What about this on so-called "defensive medicine"? Here is what the report you cite says about that: "[W]hen CBO applied the methods used in the study of Medicare patients hospitalized for two types of heart disease to a broader set of ailments, it found no evidence that restrictions on tort liability reduce medical spending. Moreover, using a different set of data, CBO found no statistically significant difference in per capita health care spending between states with and without limits on malpractice torts."

Access to health care? The report you cite says this: "GAO investigated the situations in five states with reported access problems and found mixed evidence. On the one hand, GAO confirmed instances of reduced access to emergency surgery and newborn delivery, albeit "in scattered, often rural, areas where providers identified other long-standing factors that affect the availability of services." On the other hand, it found that many reported reductions in supply by health care providers could not be substantiated or "did not widely affect access to health care."
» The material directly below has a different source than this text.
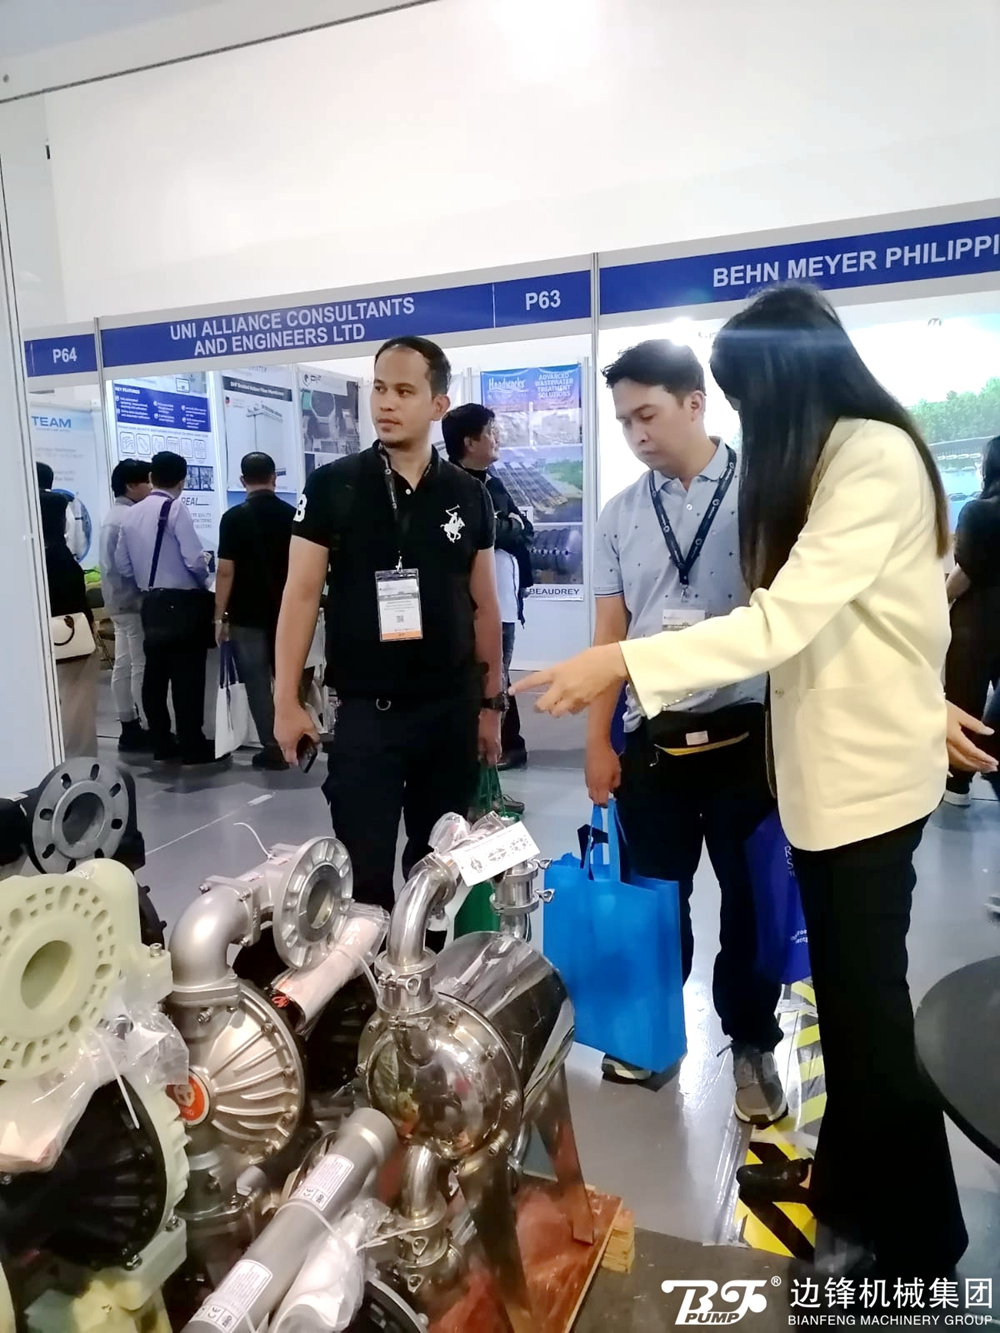 边锋机械集团亮相菲律宾马尼拉水处理展览会
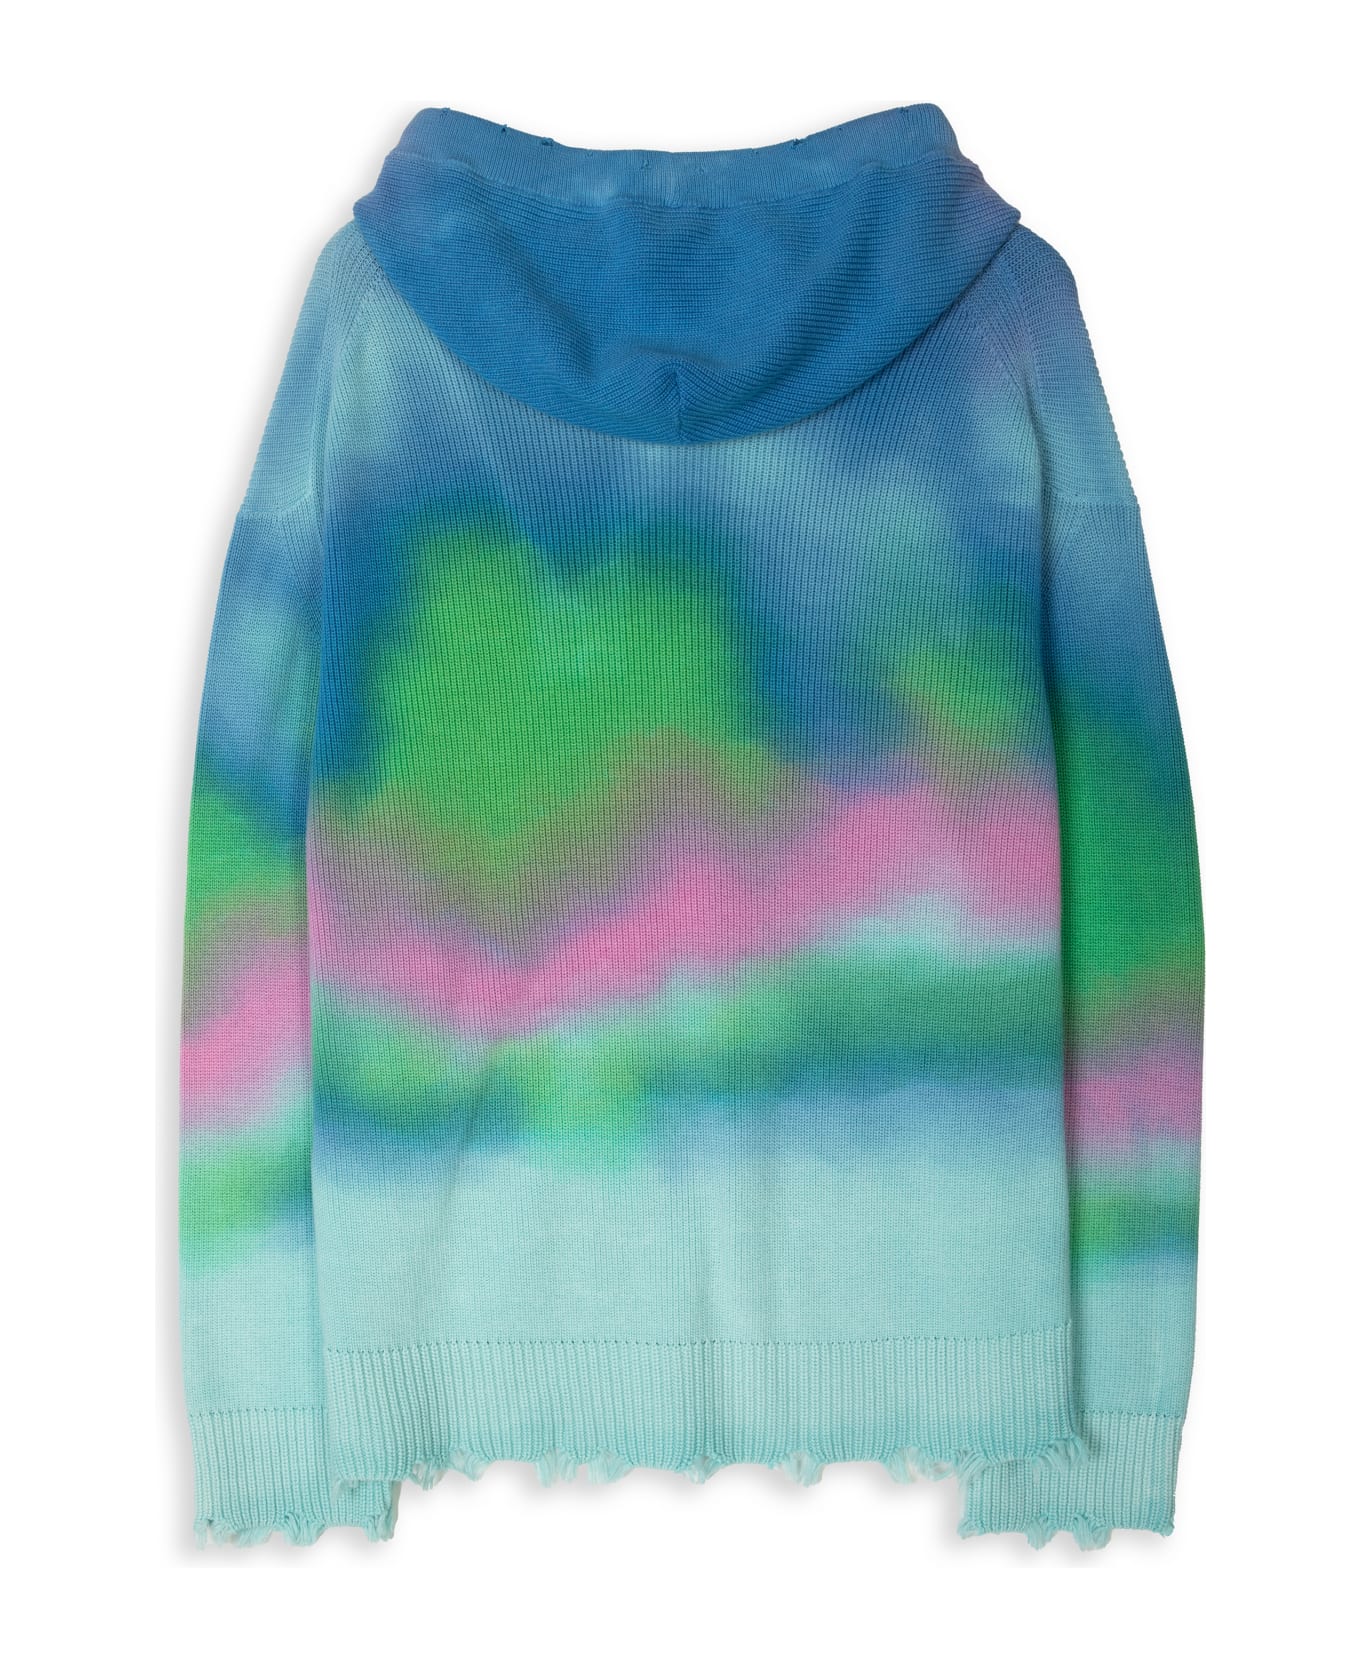 Laneus Cappuccio Multicolor Print Multicolor Tie-dye Cotton Hooded Sweater Laneus - MULTICOLOR

Since you cite the report, I am sure you agree with this: "Second, evidence suggests that very few medical injuries ever become the subject of a tort claim. The 1984 New York study estimated that 27,179 cases of medical negligence occurred in hospitals throughout the state that year, but only 415–or 1.5 percent–led to claims." A real crisis in the number of malpractice cases, isn’t there Steven? Face the facts: most mistakes are buried, and the families have no idea what happened to their loved ones.

And, finally, the bottom line of the report you cite: "[T]he evidence available to date does not make a strong case that restricting malpractice liability would have a significant effect, either positive or negative, on economic efficiency."

9. "Finally, There is a legal jackpot system in this country, where physicians are forced to be judged by a non-medically trained jury with the fortune of hind-sight."

Well, it is good to know that you read your mail from the Chamber of Commerce. "Non-medically trained jury?" They become trained enough through the trial to figure out how to determine the standard of care. How use do you explain the cases where the health care industry wins? Are those just flukes by a "non-medically trained" jury? Are you advocating special courts for health care providers? Those proposals always amaze me – as if a subset of our society is entitled to special treatment in our judicial system because "what we do is just too complicated for the mere mortals to understand." Give me a break. The arrogance just drips off of statements like that. Doctors don’t deserve a special judicial system, and neither do trucks drivers or bricklayers.

And by the way, Steven – I don’t ask for juries in medical malpractice cases because I think the billions of the dollars the healthcare industry has spent attacking the civil justice system (rather than preventing malpractice) has so contaminated the jury pool that my clients have difficulty getting a fair shake in front of a jury. But I still get a jury – because the defendant health care provider demands one. The hypocrisy is deafening – defendants demand juries, praise them when they decide a case for a defendant and damn they when lose.

Keep the comments coming, Steven. Every single one of them helps the readers understand that your position is based on pure emotion, bias and prejudice, firmly rooted in the belief that health care providers deserve special treatment in our civil justice system.